AVAILABLE DATA:
+ + +

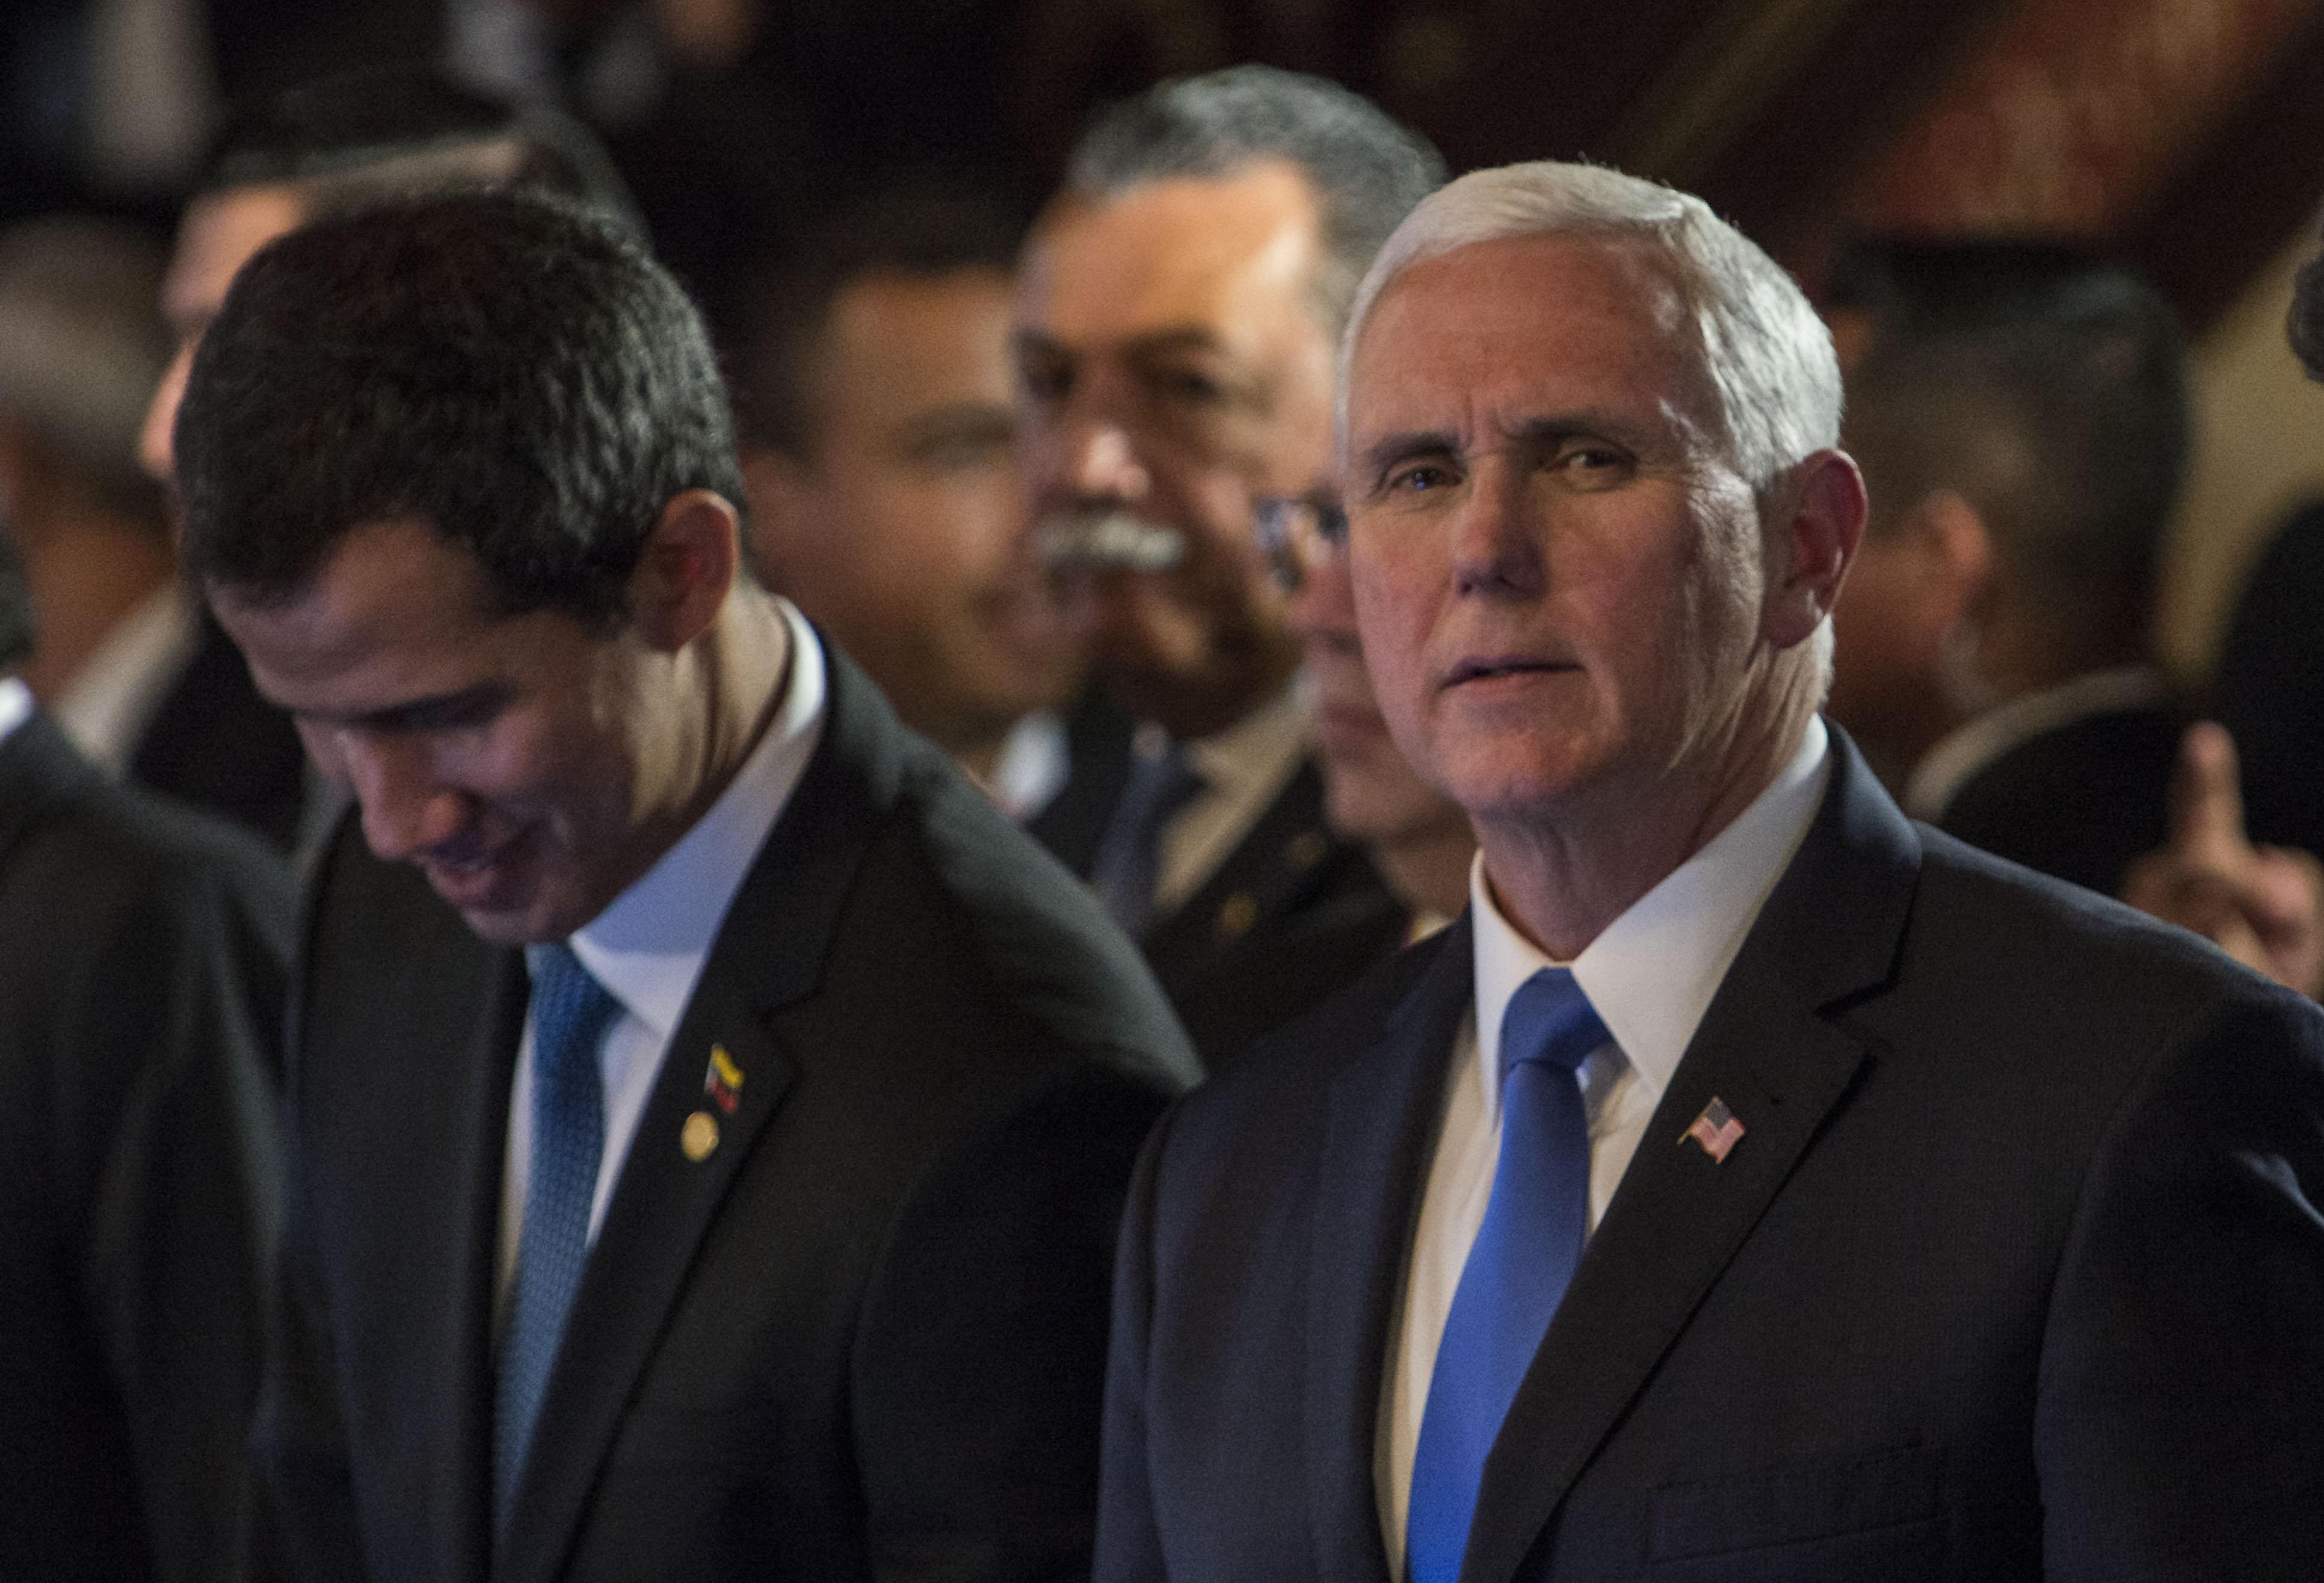 Vice President Mike Pence and Juan Guaido
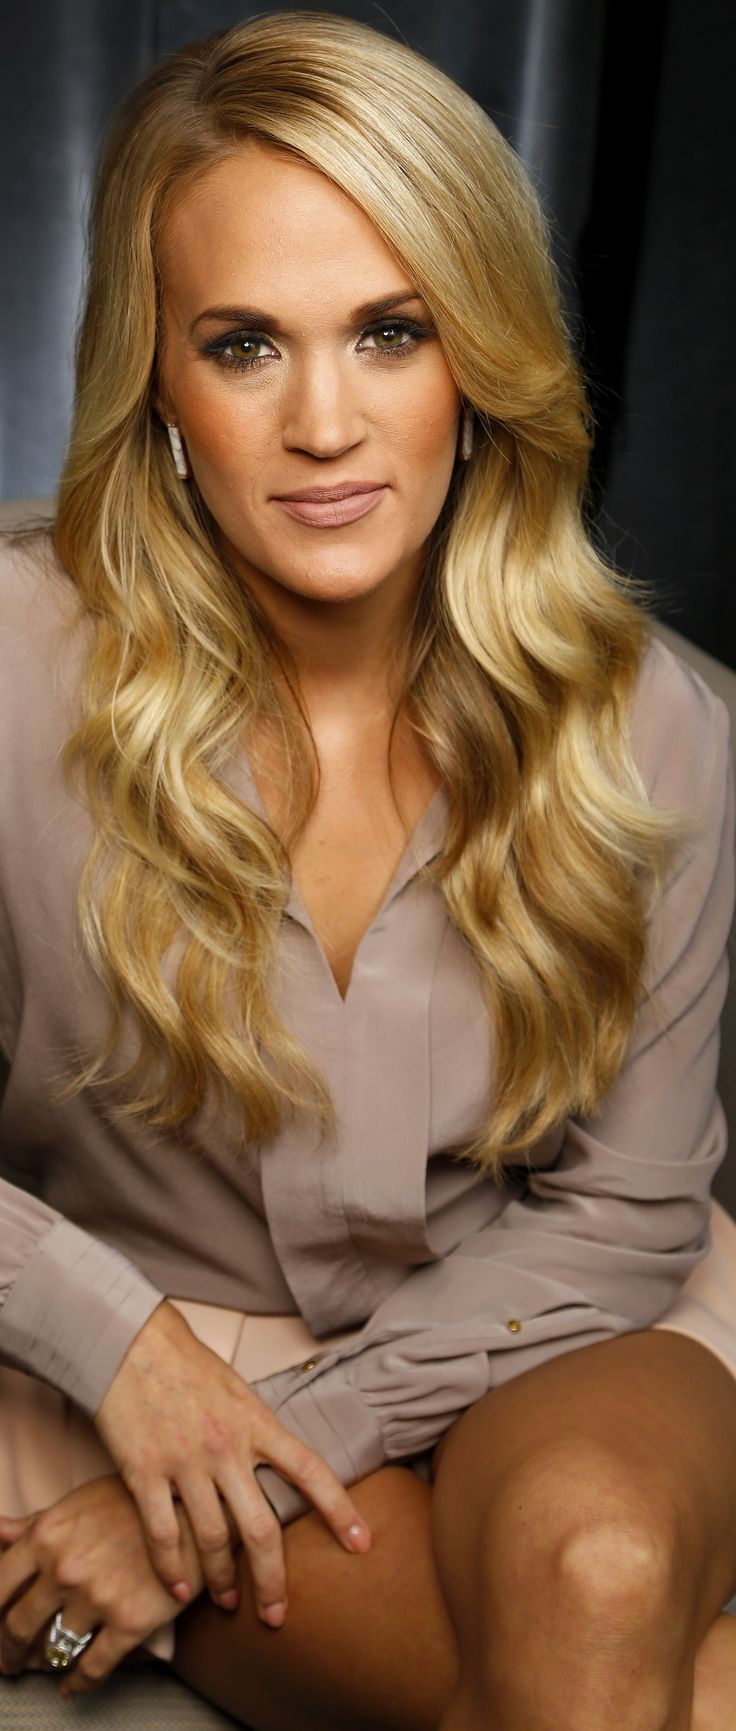 Carrie Underwood You SLAY! I LOVE YOUR MUSIC SO MUCH! #Storyteller #CarrieUnderwood
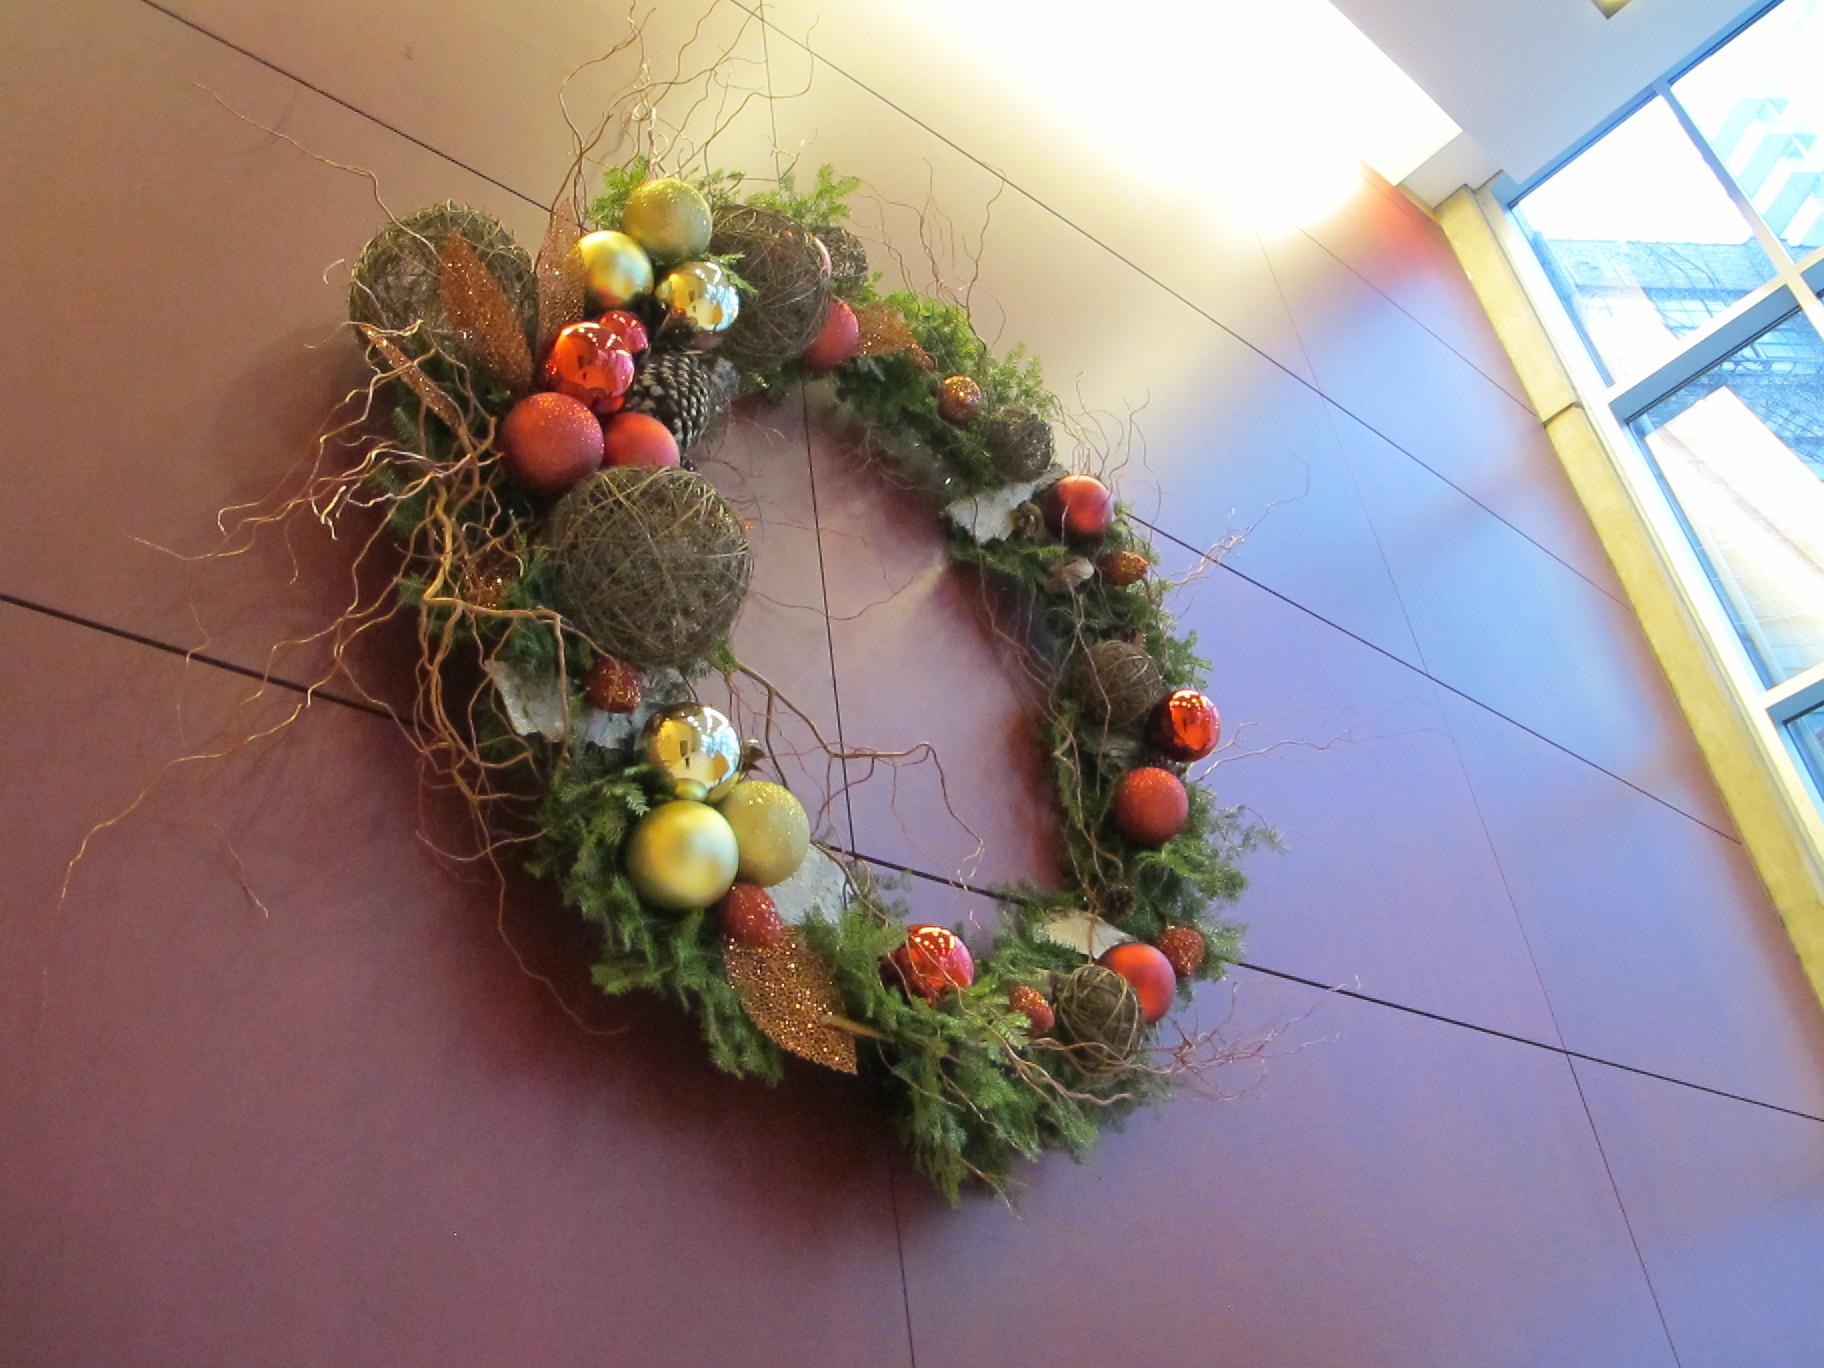 510 W Erie wreath.JPG

+ + +

WHAT YOU WILL DO: With the pictures set aside, write out the whole listing exactly.

RESULT:
 Vice President Mike Pence and Juan Guaido
 Carrie Underwood You SLAY! I LOVE YOUR MUSIC SO MUCH! #Storyteller #CarrieUnderwood
 510 W Erie wreath.JPG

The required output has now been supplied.